= PROBLEM REQUIREMENTS =
If pictures are present, leave them out, and copy the data word for word.

= DATA =
┌──
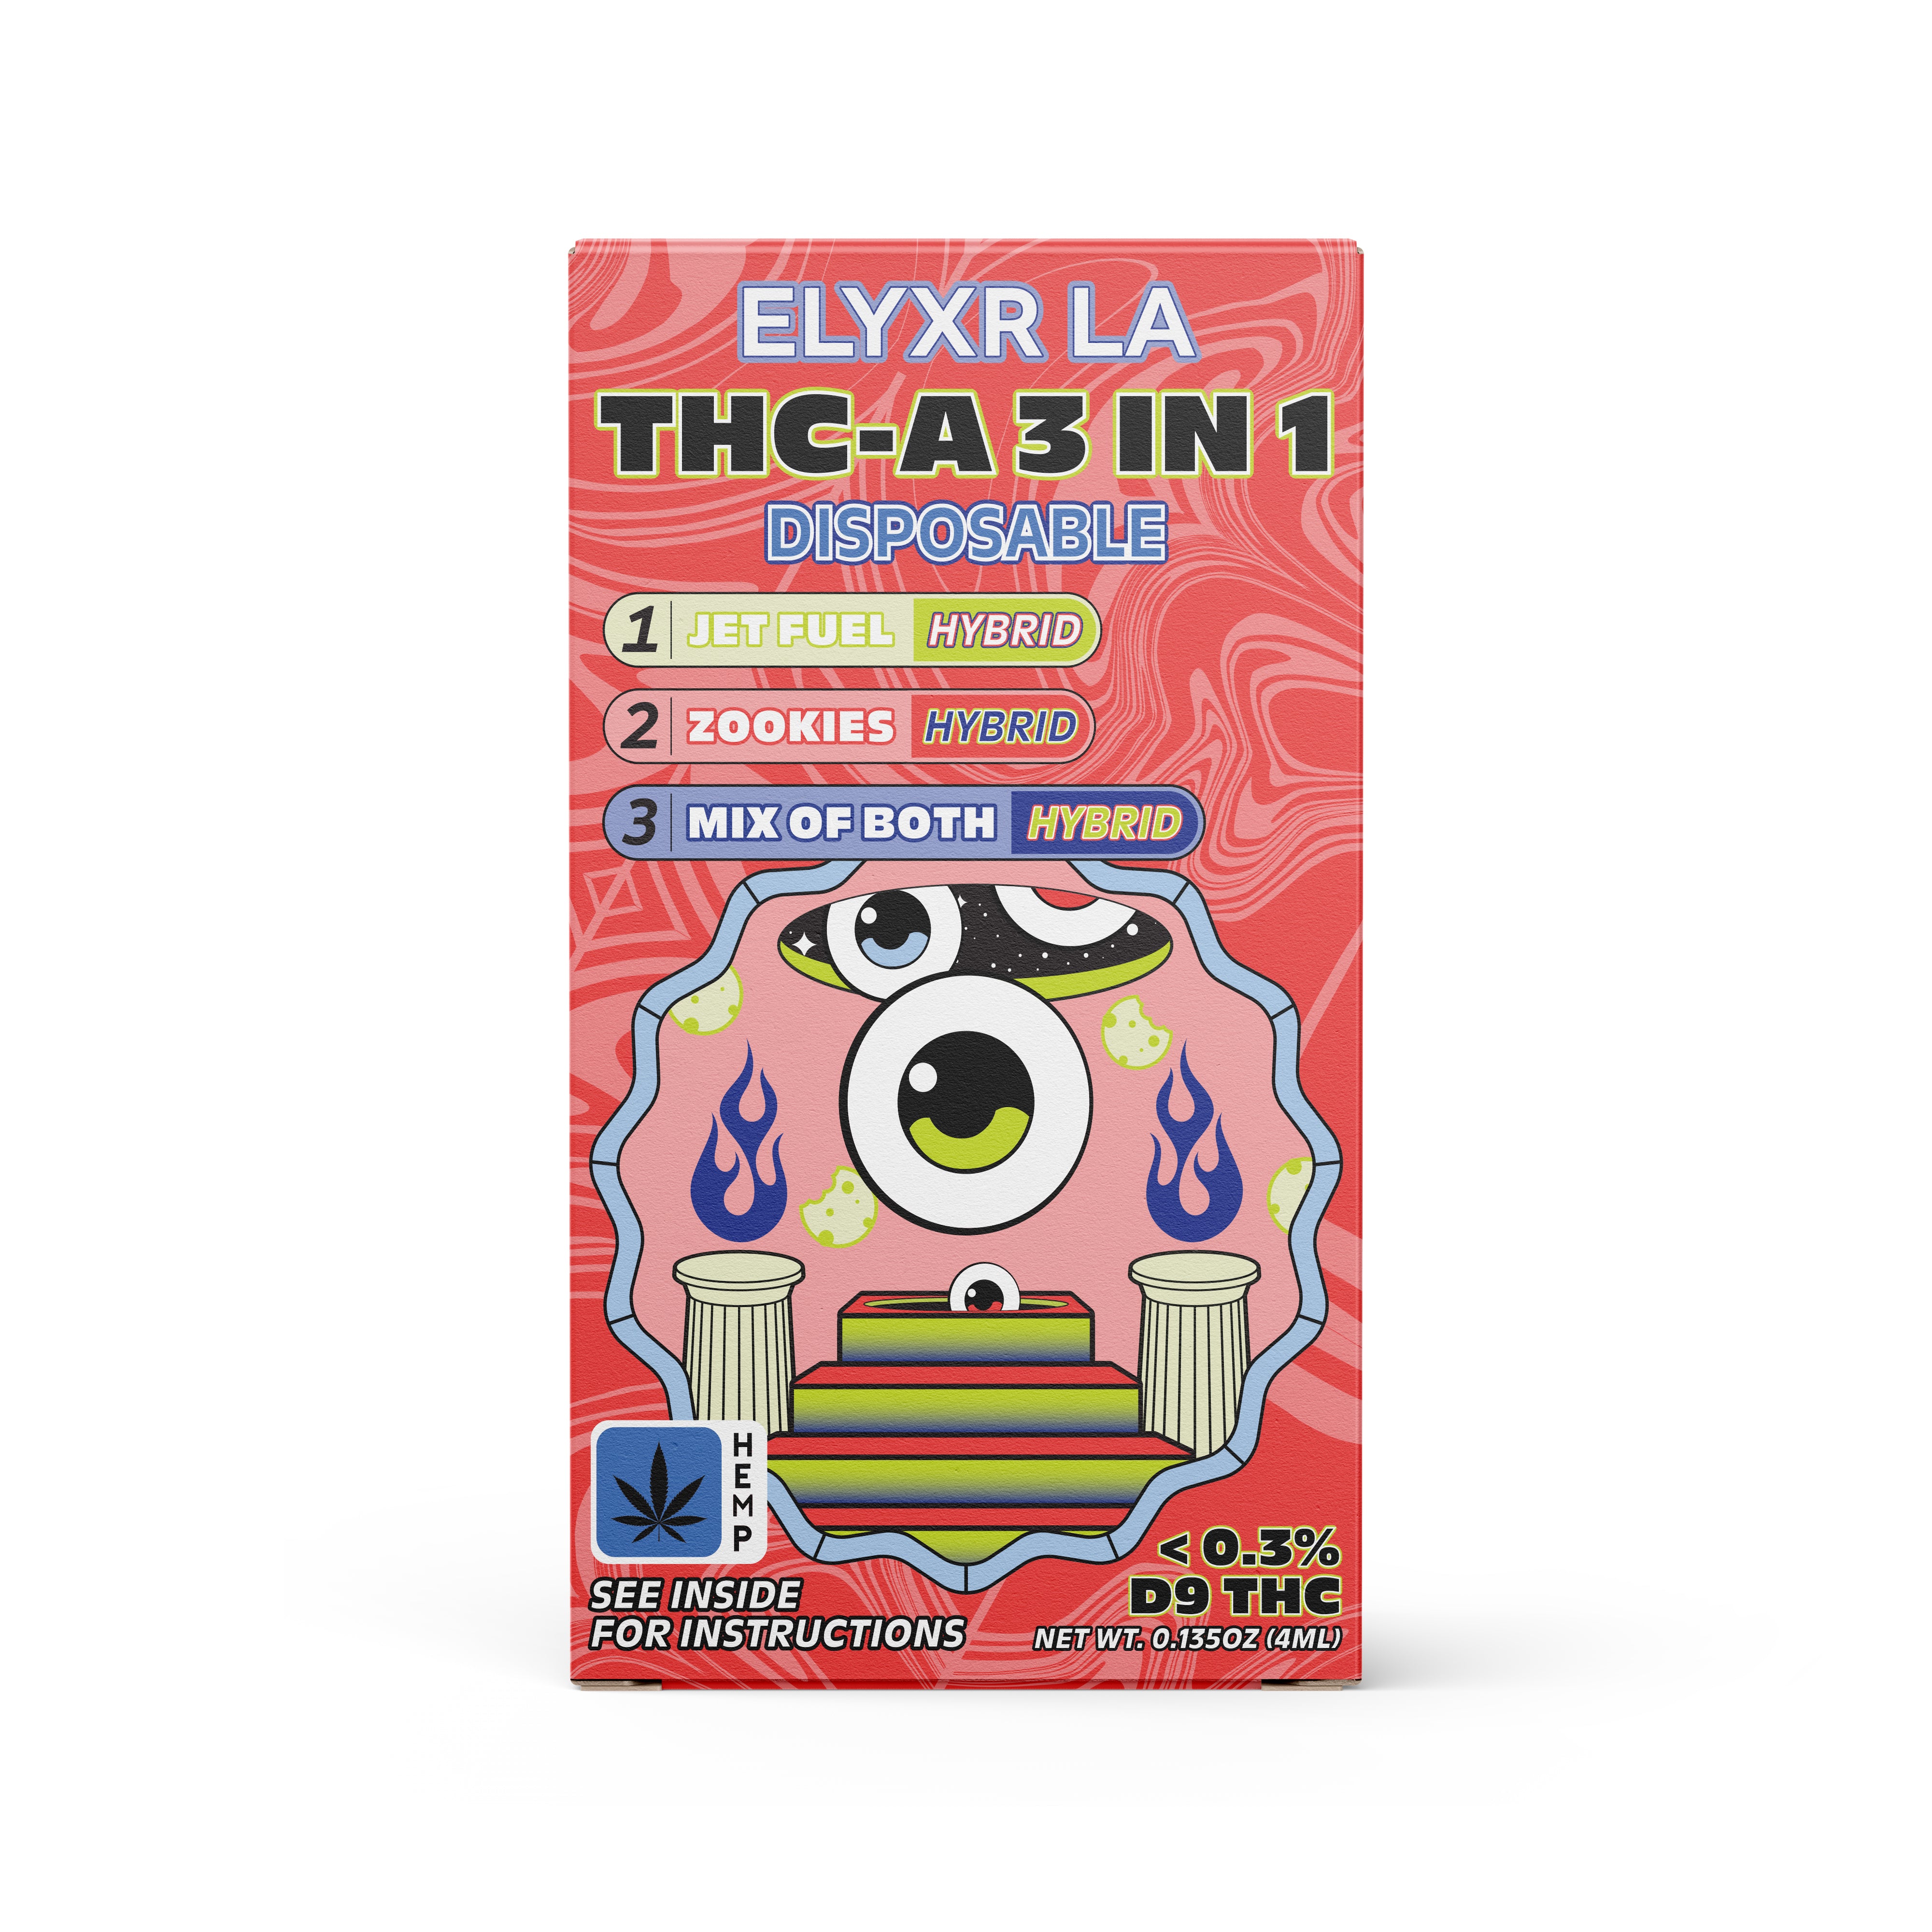 THC-A 3-in-1 Disposable 4 Grams (4000mg)
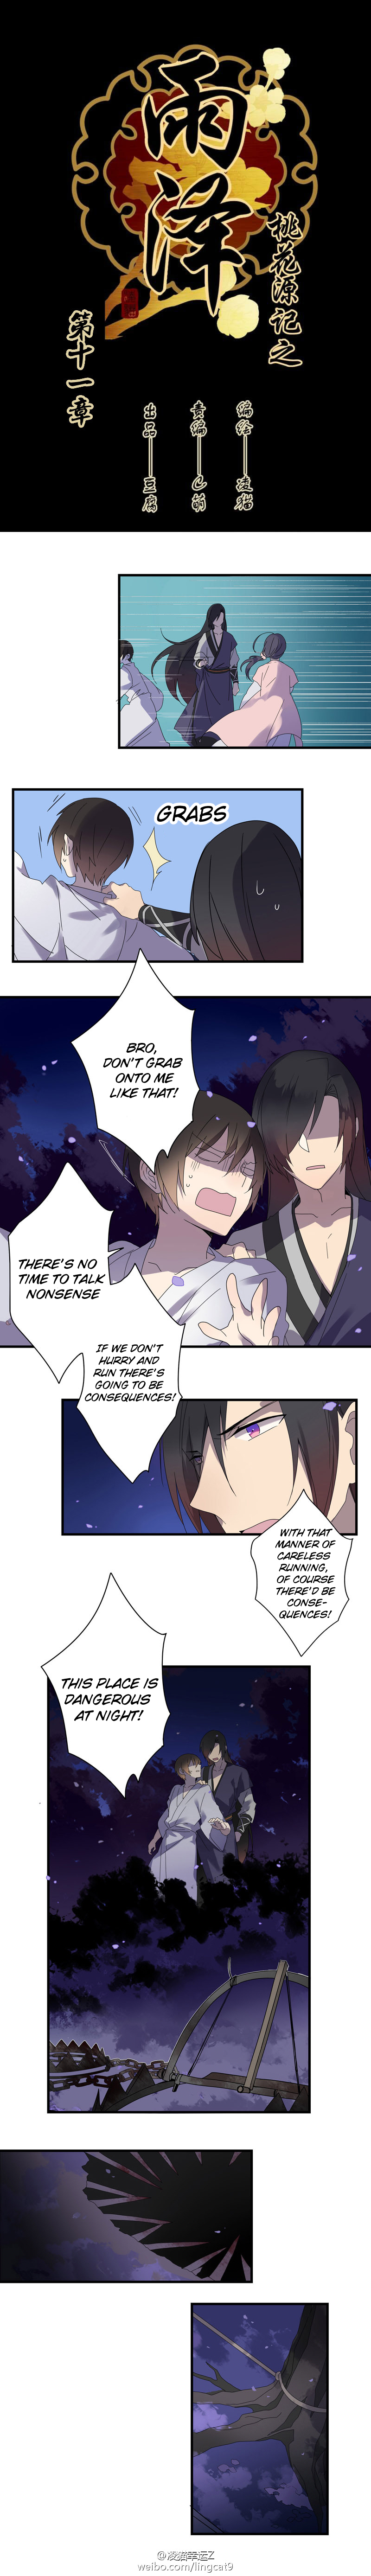 Yuze Of The Peach Blossom Springs - Page 1
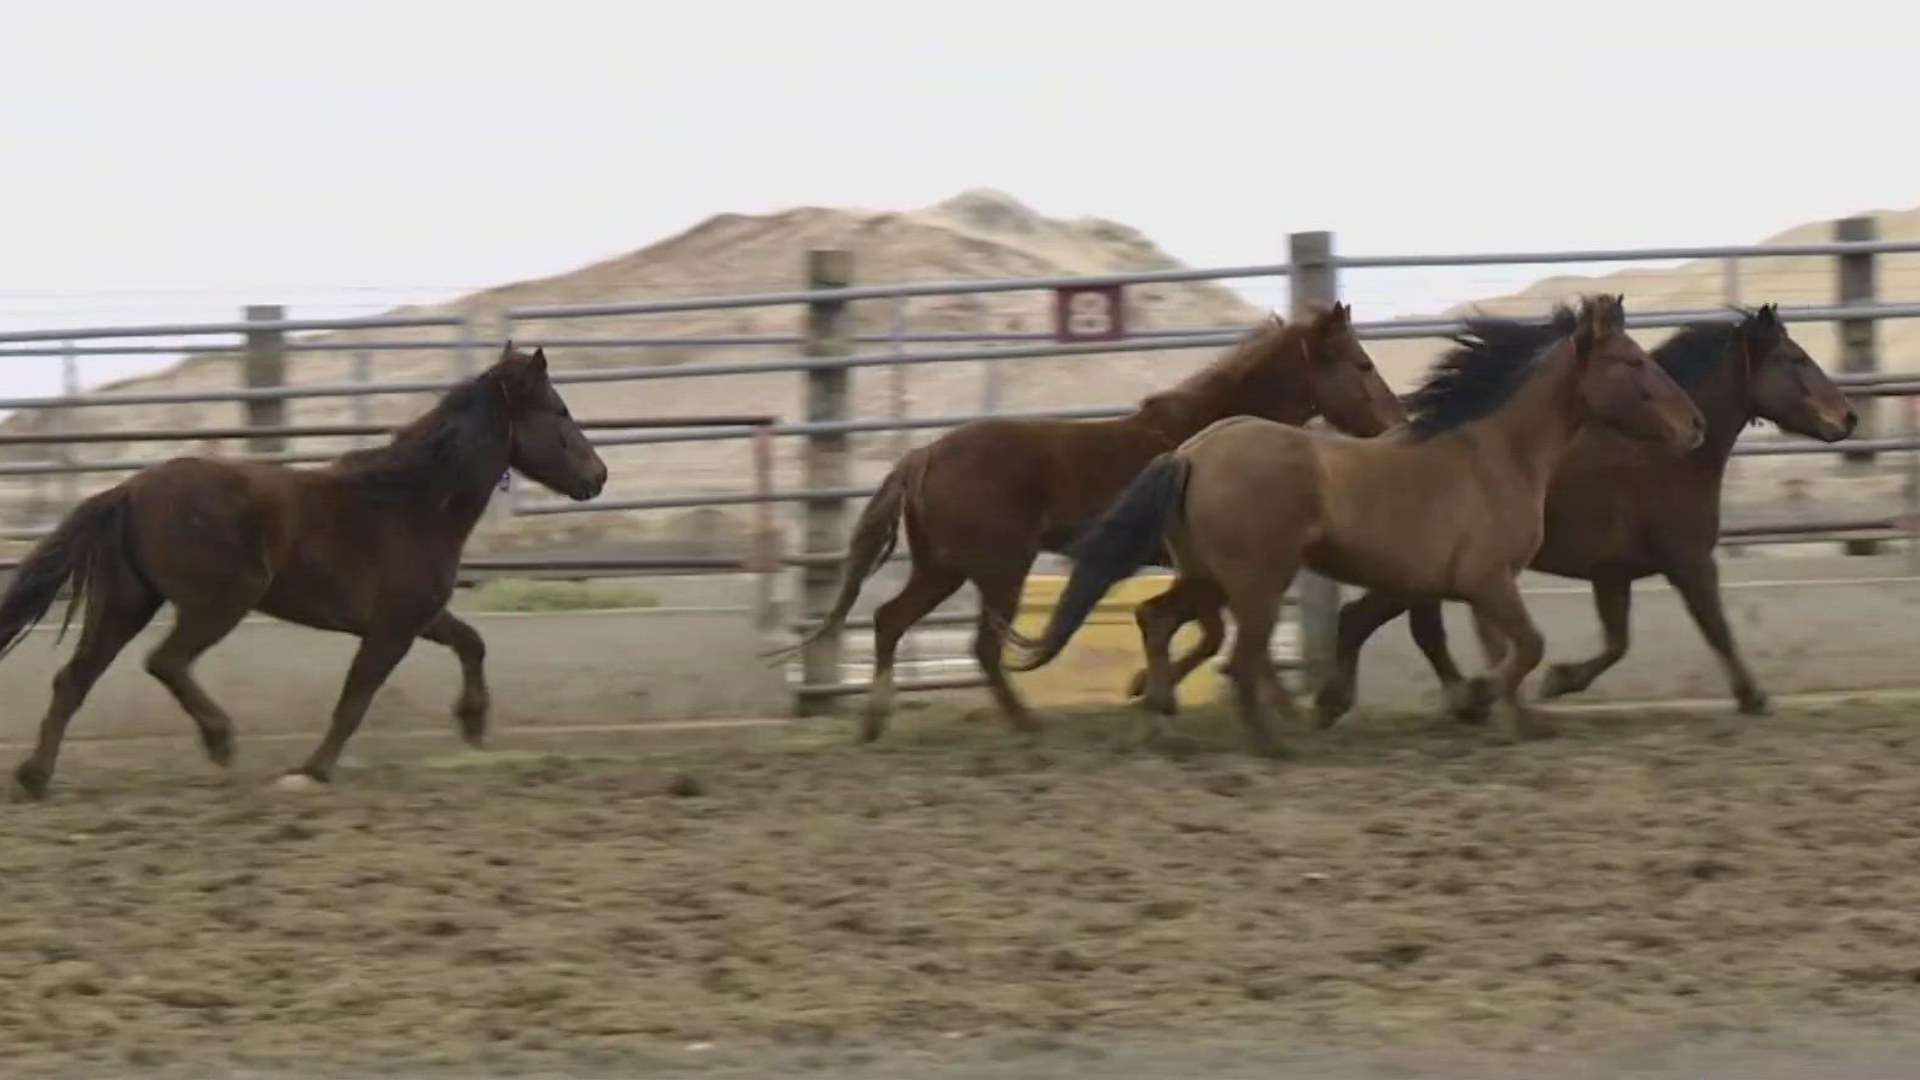 Through the Bureau of Land Management program, roughly 170 wild horses and burros have been adopted by more than 120 trainers for the Mustang Mania event.
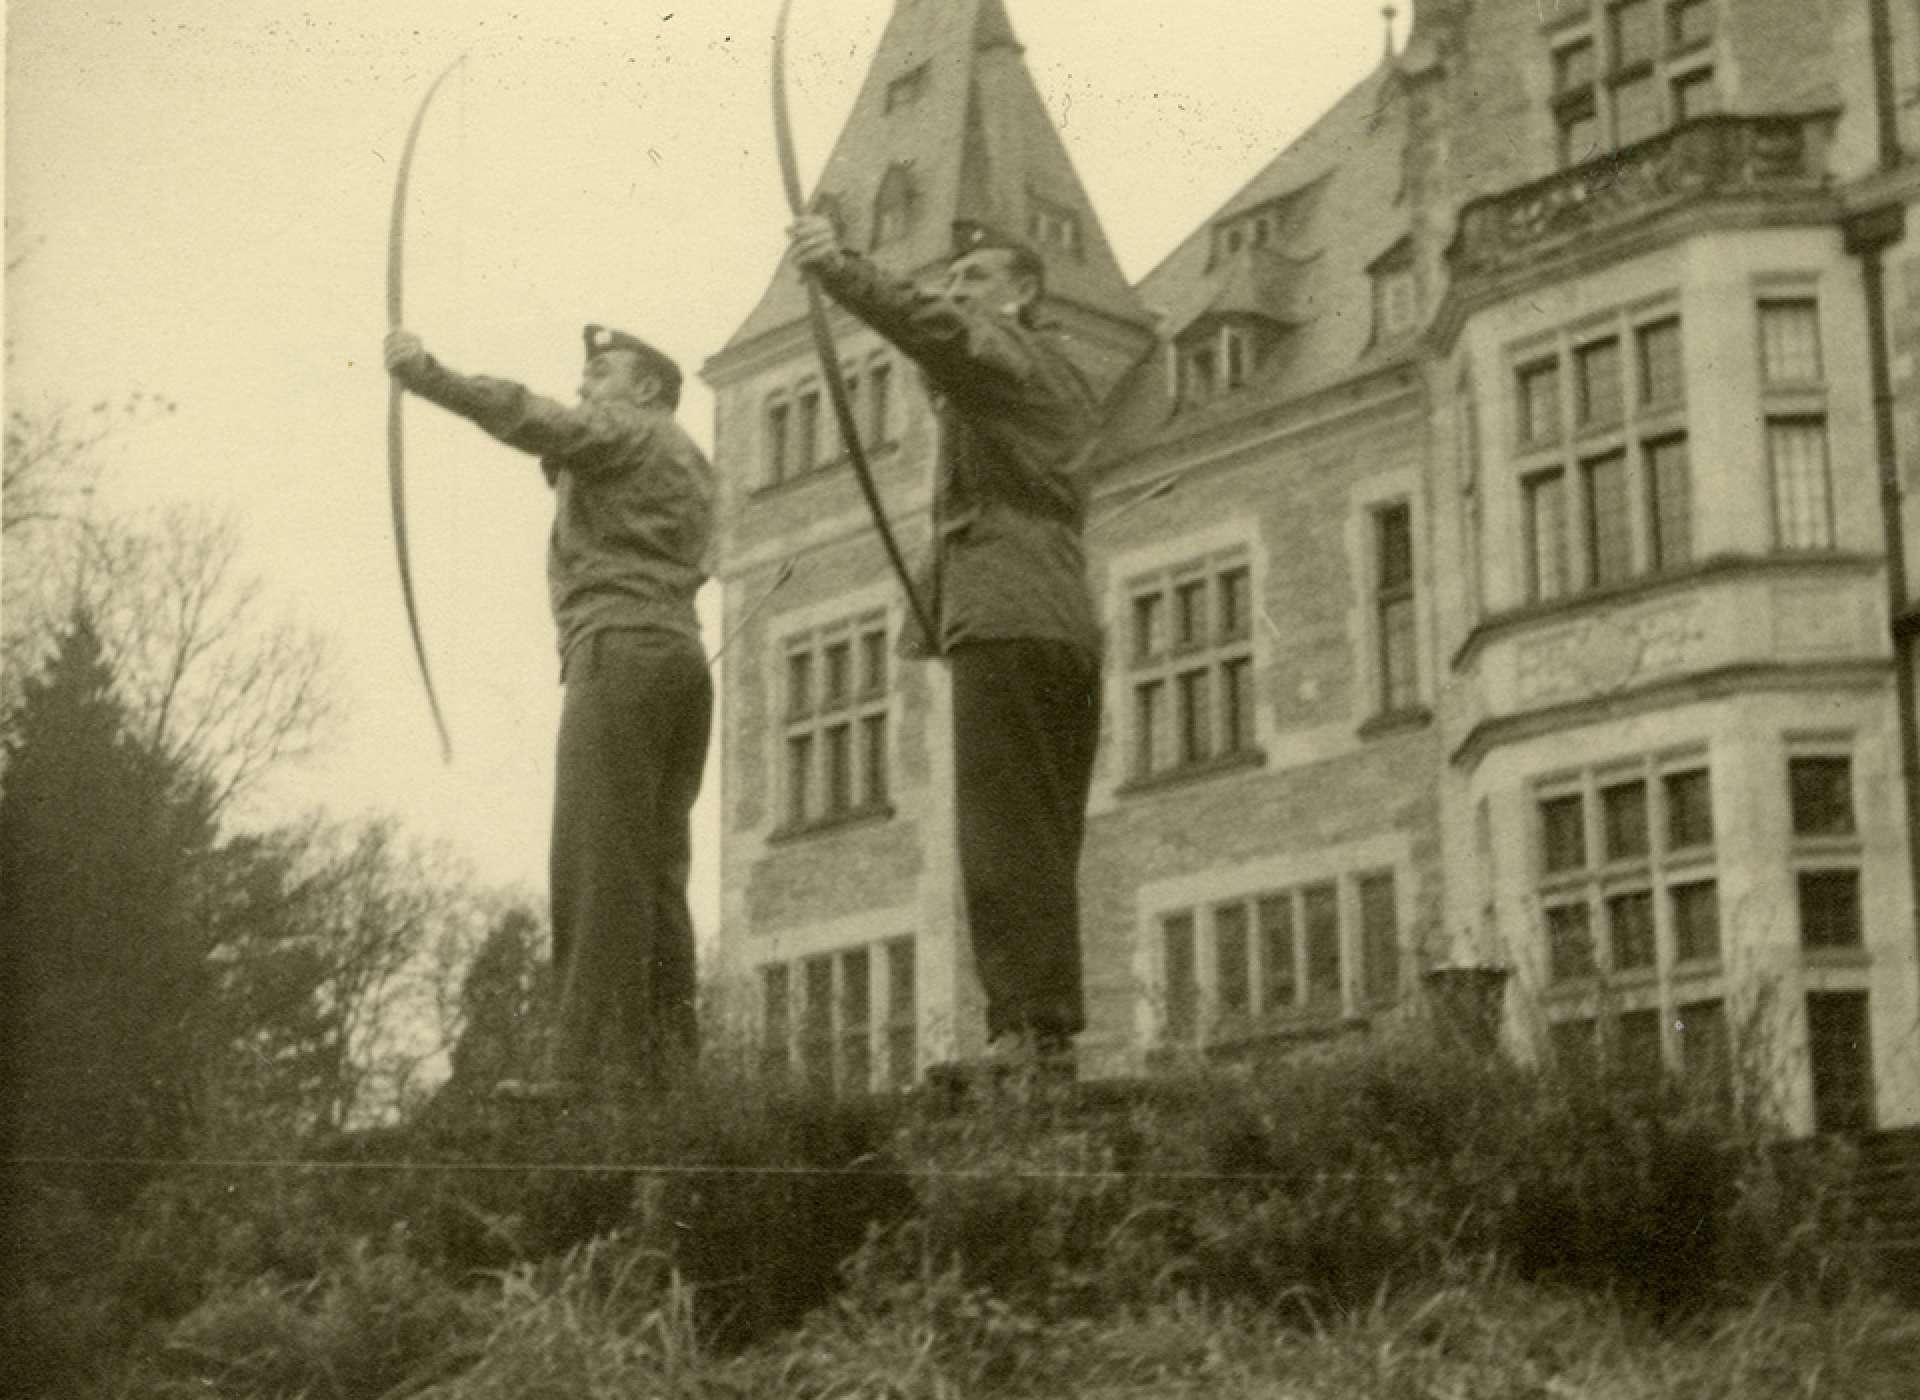 US Army Officers practice archery on the ground of Kronberg Castle
└──
= COMPLETED EXERCISE =
 THC-A 3-in-1 Disposable 4 Grams (4000mg)
 Yuze Of The Peach Blossom Springs - Page 1
 Through the Bureau of Land Management program, roughly 170 wild horses and burros have been adopted by more than 120 trainers for the Mustang Mania event.
 US Army Officers practice archery on the ground of Kronberg Castle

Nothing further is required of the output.